• _PROVIDED INFORMATION_

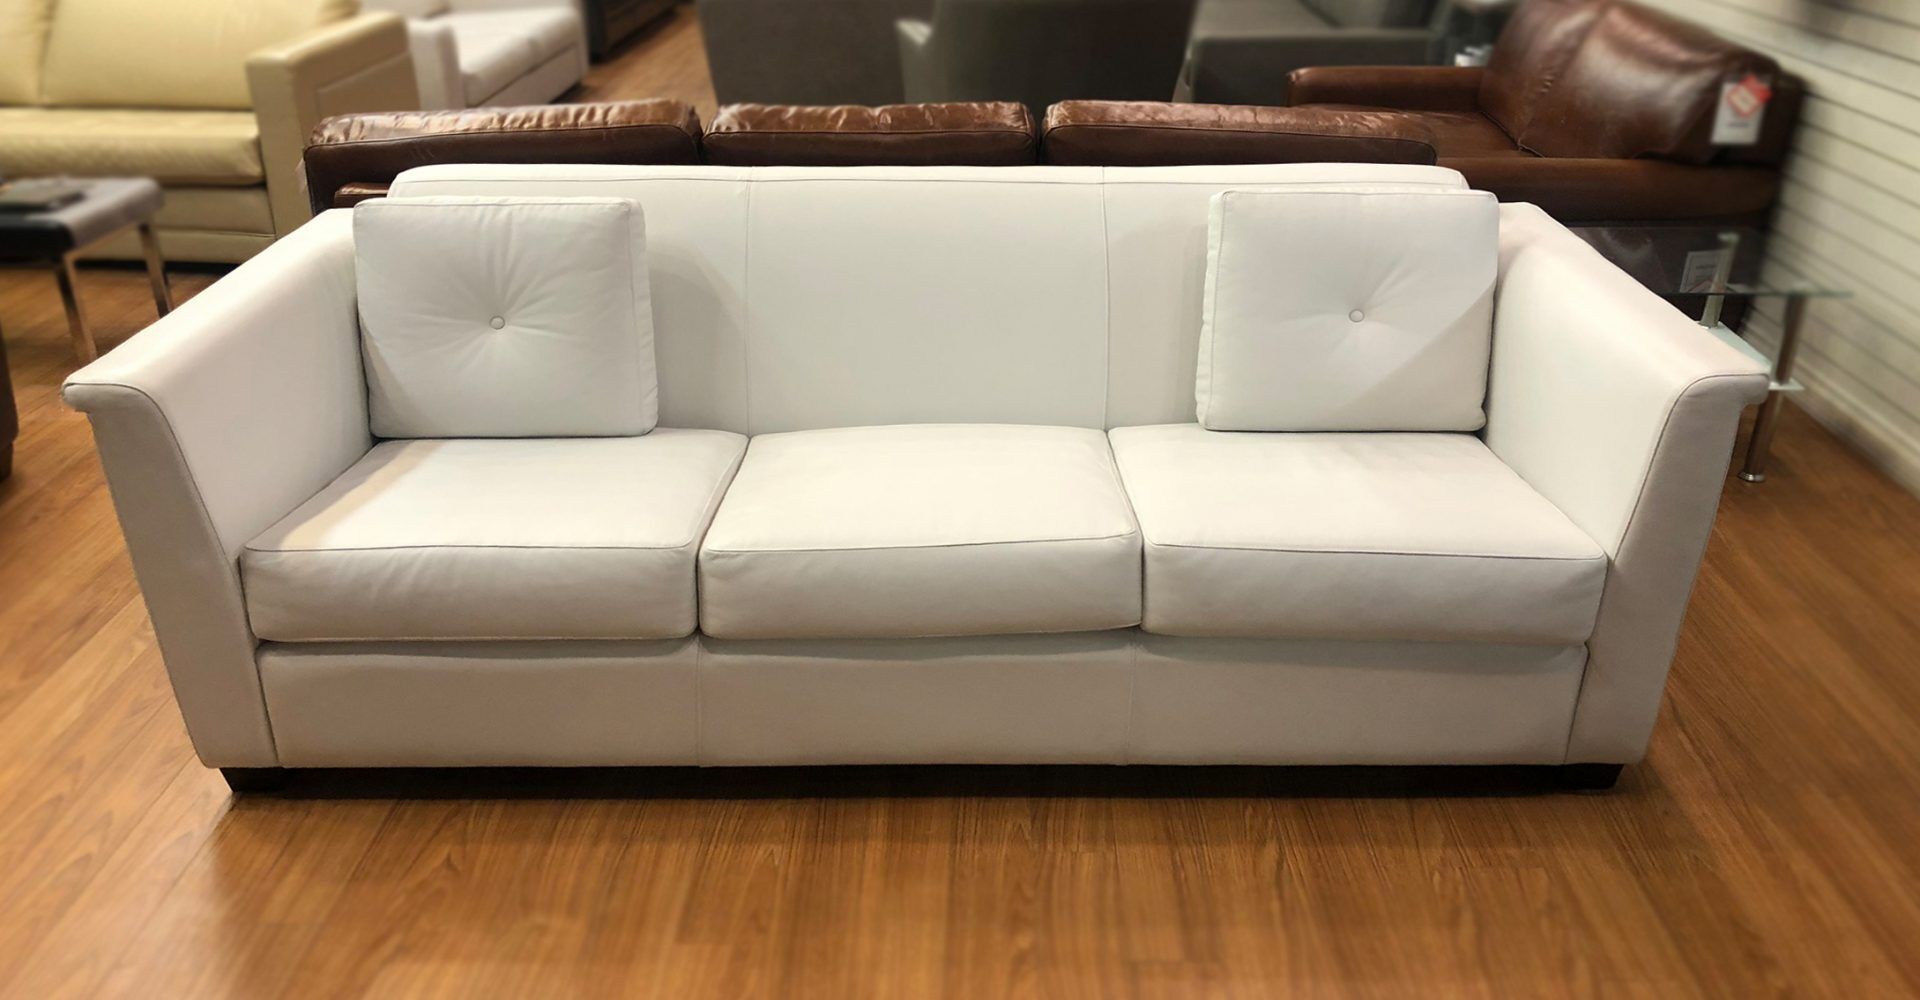 kimberly leather craft sofa
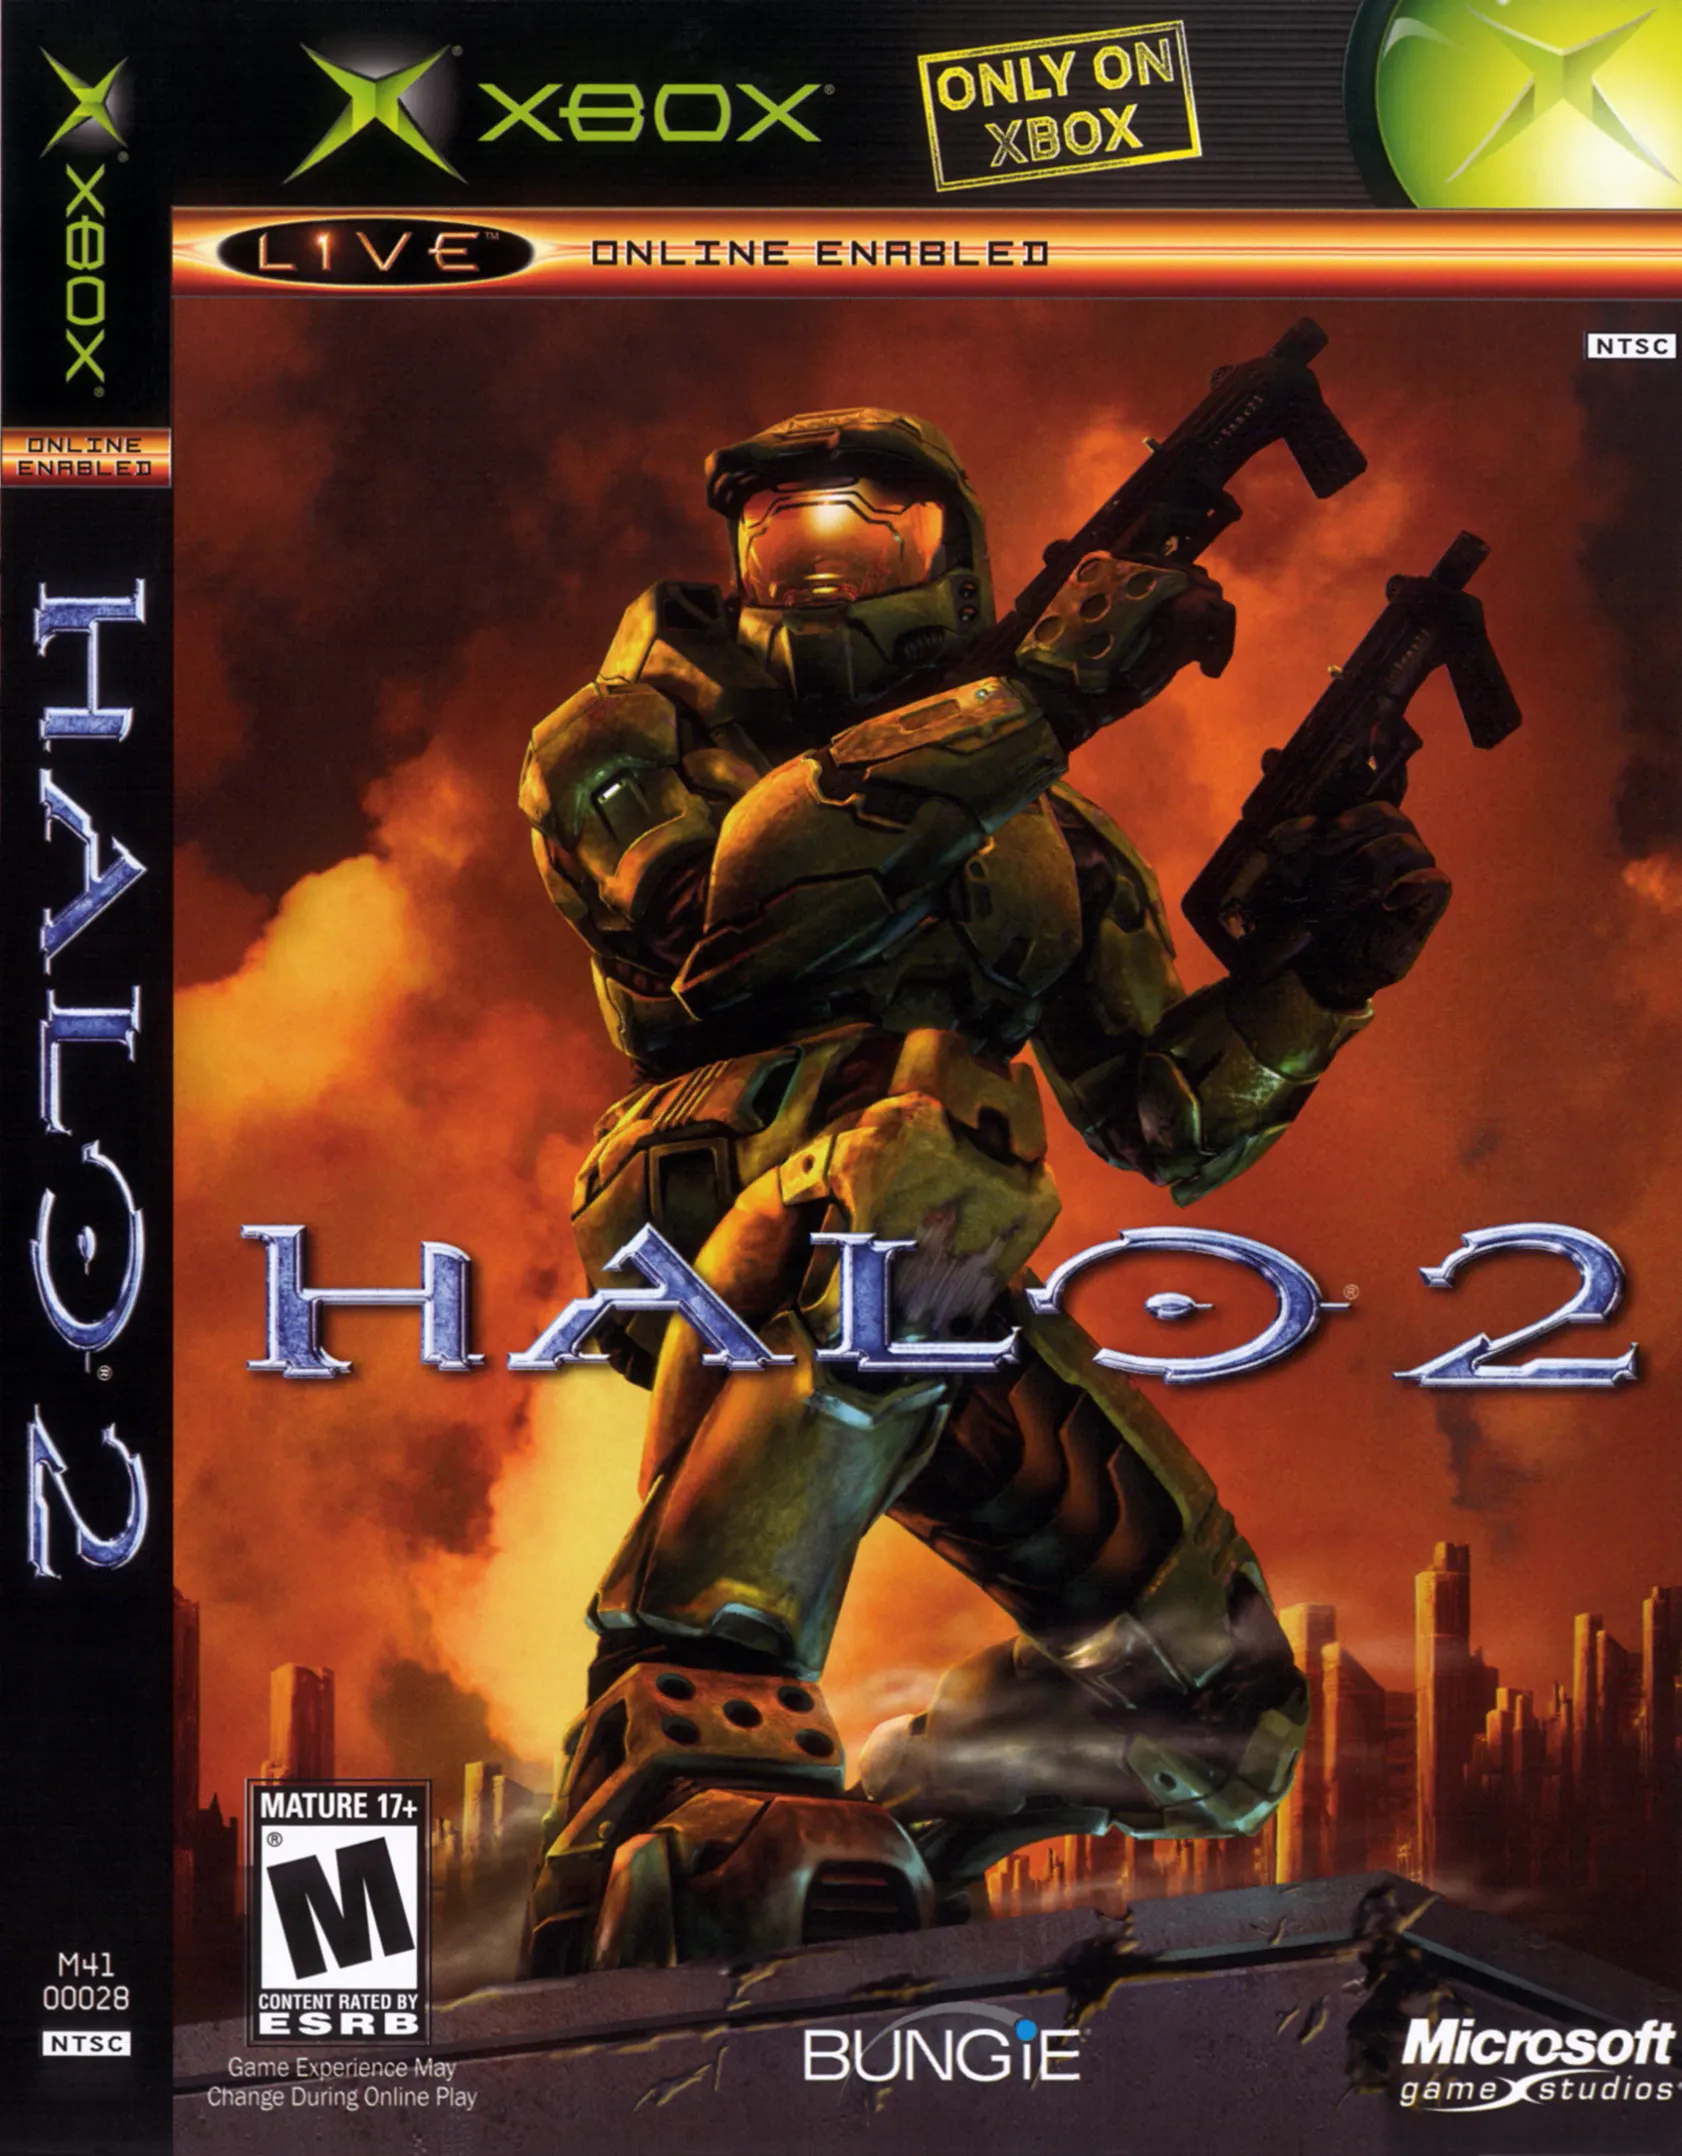 Original Xbox Game Console Halo 2 game box front.
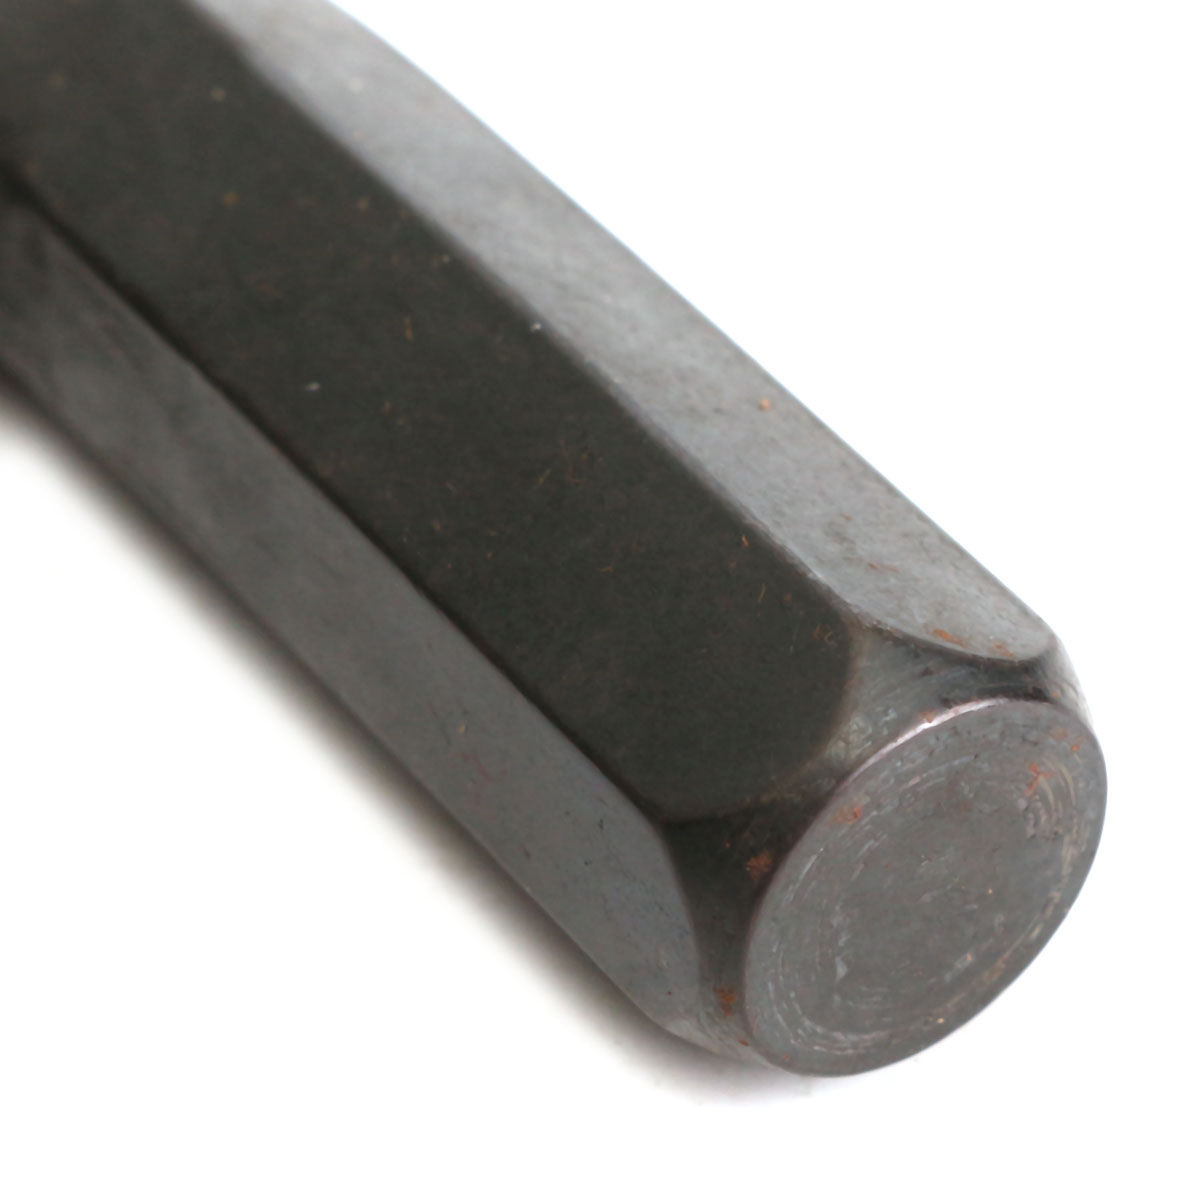 12mm-Steel-L-Shaped-Metric-Hexagon-Key-Hex-Allen-Wrench-Spanner-Stick-Tool-Black-1047502
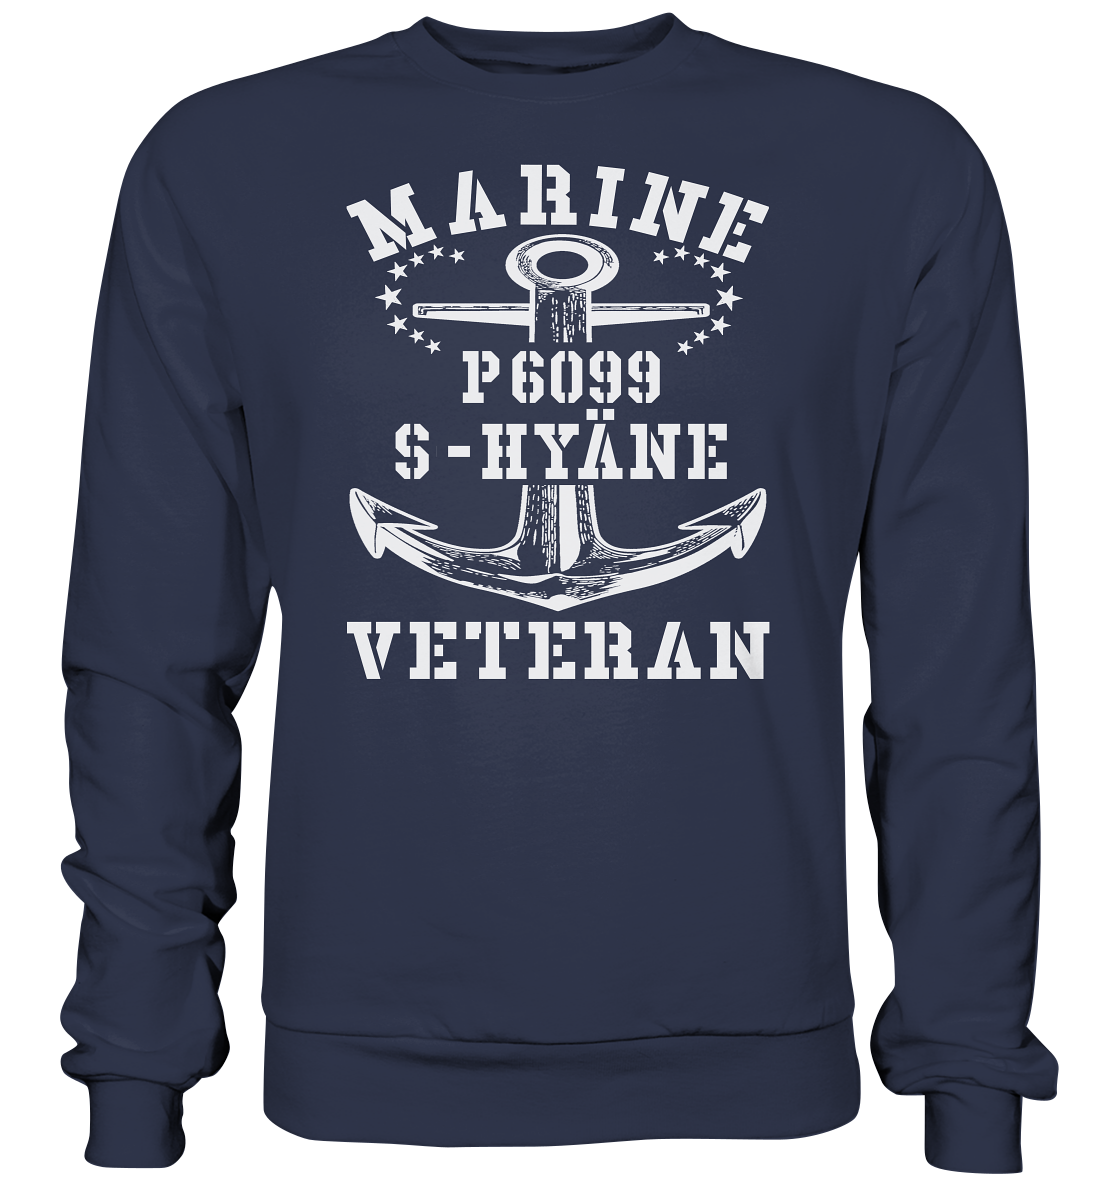 P6099 S-HYÄNE Marine Veteran - Premium Sweatshirt
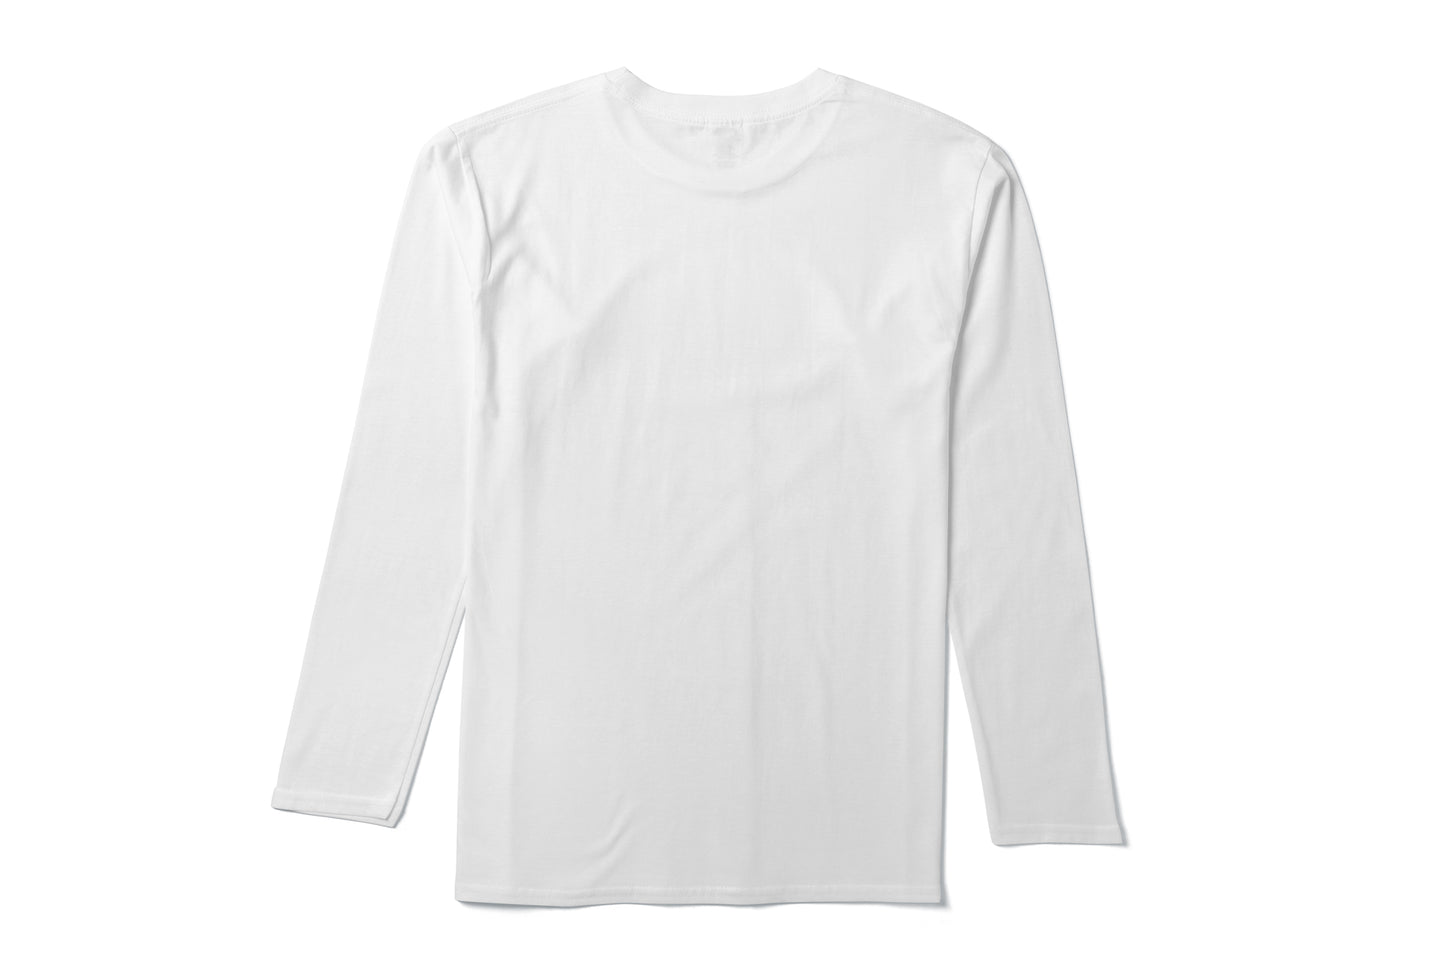 The Illest Heat Transfer on White Long Sleeve Shirt

• _TASK_
Would you repeat the material exactly, keeping out any pictures?

• _RESULT OF THIS EXERCISE_
 kimberly leather craft sofa
 Original Xbox Game Console Halo 2 game box front.
 12mm-Steel-L-Shaped-Metric-Hexagon-Key-Hex-Allen-Wrench-Spanner-Stick-Tool-Black-1047502
 P6099 S-HYÄNE Marine Veteran - Premium Sweatshirt
 The Illest Heat Transfer on White Long Sleeve Shirt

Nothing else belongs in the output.